Asset Protection

Sudden unemployment can throw your world into chaos, both personally and financially. As you search for ways to make up for lost income, you will invariably consider the assets you’ve accrued through a career of professional success. While a sound financial strategy will take all options into account, it’s important to protect your most valuable assets so as not to jeopardize your future success.

Be smart with your savings

The first key to protecting your assets during unemployment is to protect them from yourself. It’s a difficult time and you may think you have few financial options, but there are enough resources available to stay smart with your assets. The best plan would be to leave your portfolio alone and continue your long-term financial planning while making adjustments to your short-term budget. Withdrawing from your retirement accounts early could end up costing you thousands of dollars in taxes and penalties, meaning it’s not worth sacrificing your future for a short-term stopgap. Instead, utilize unemployment benefits and other services to hold you over through the most difficult times. As you assess your financial standing, keep a level head, create a budget, prioritize your assets, and stick to your long-term financial vision.
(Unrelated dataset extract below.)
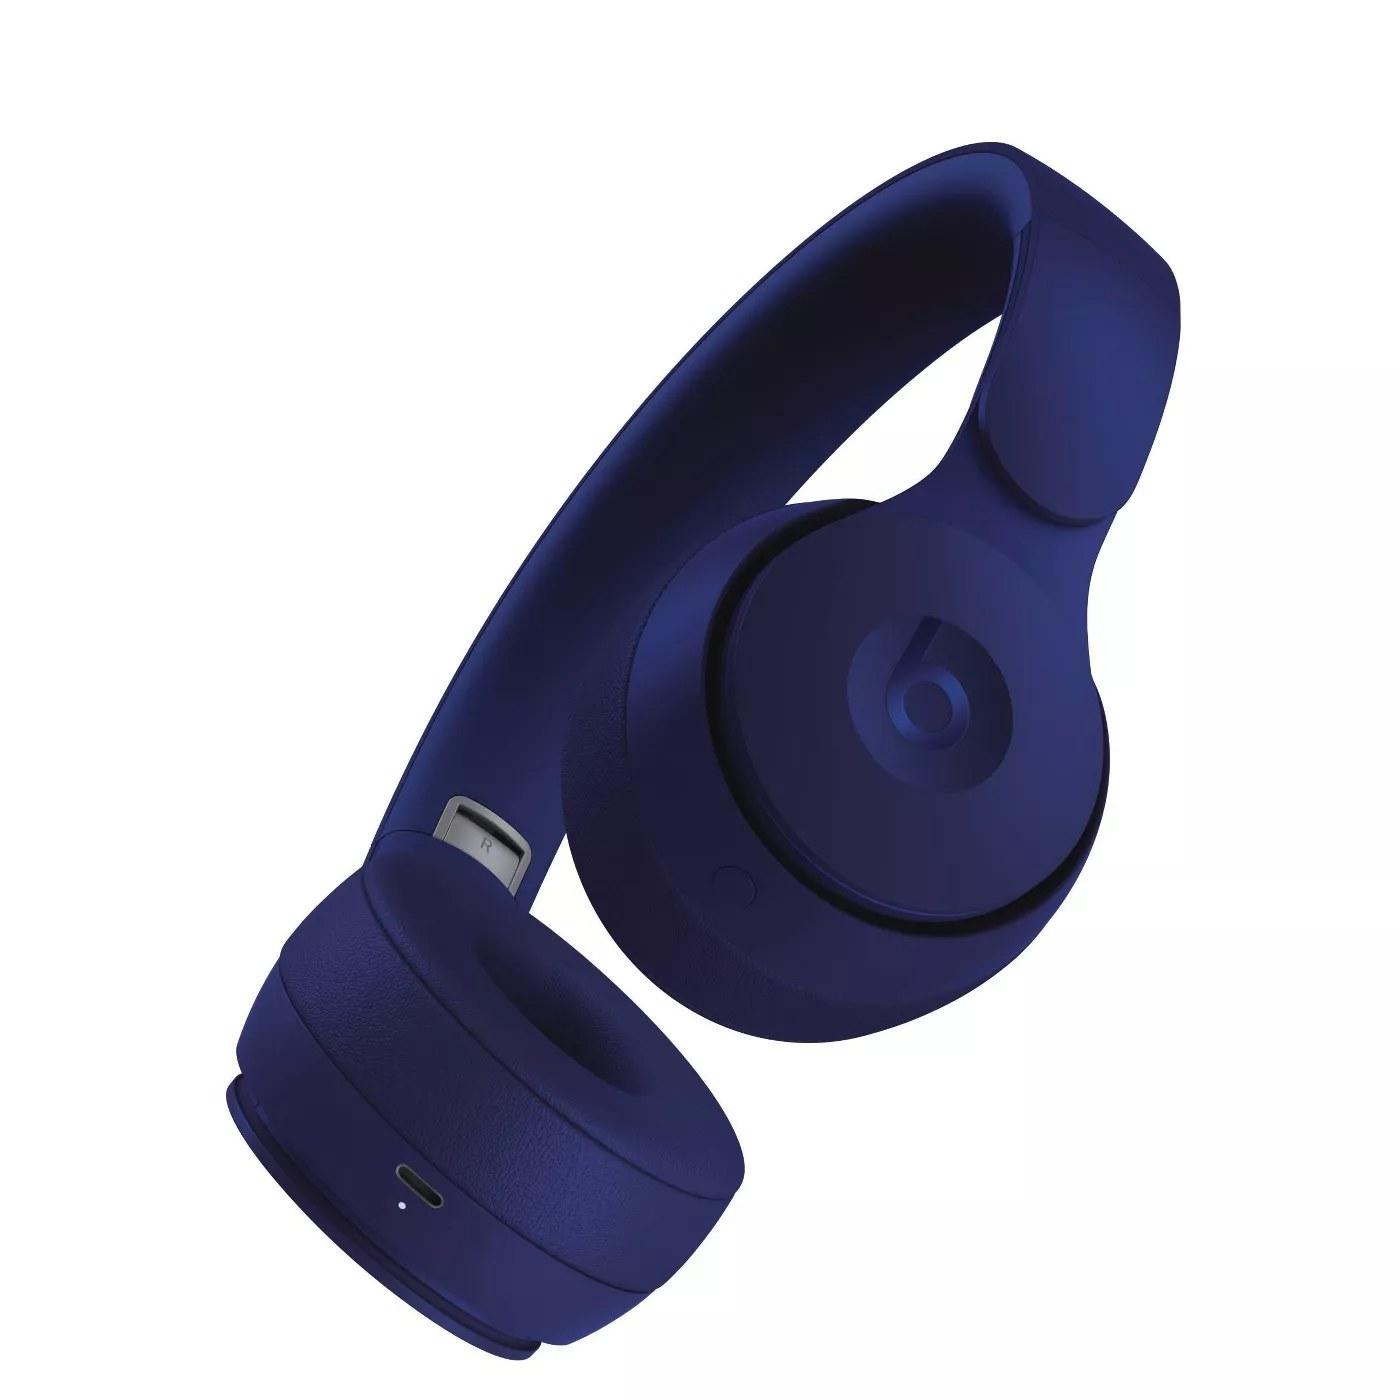 The headphones in navy

How do I protect my assets?

If you fall behind on your bills and a debtor decides to file a lawsuit to recoup what’s owed, or if you declare bankruptcy, certain assets can be targeted, while others are protected. Unfortunately, state laws vary widely on what is considered exempt (protected) and what is not. Depending on the state you live in, things like home equity, 401(k) contributions, and IRAs could all be up for grabs, or strongly protected. The only way to truly protect your money is to make sure it is invested in exempt holdings before entering any legal proceedings. Consult with a legal and financial advisor about what kinds of assets are exempt in your state.

Declaring bankruptcy

Despite our best efforts, sometimes bankruptcy is the only option left. Chapters 7 and 13 offer a lifeline to people in such dire situations, but which chapter you file under makes a big difference. Under Chapter 13, you are required to pay creditors on a three- to five-year payment plan, which can be difficult for those recently unemployed. Chapter 7 is designed for low-income people, or those with few financial assets, and requires debtors to pass a “means test” evaluating their financial state. In either case, bankruptcy is a major financial decision that requires extensive research. Consult your financial advisor before taking any steps toward bankruptcy.

Below you will find additional information and resources on asset protection:

Protecting your assets from creditors

How to find financial assistance after unemployment runs out

Should I file for bankruptcy if I’m unemployed?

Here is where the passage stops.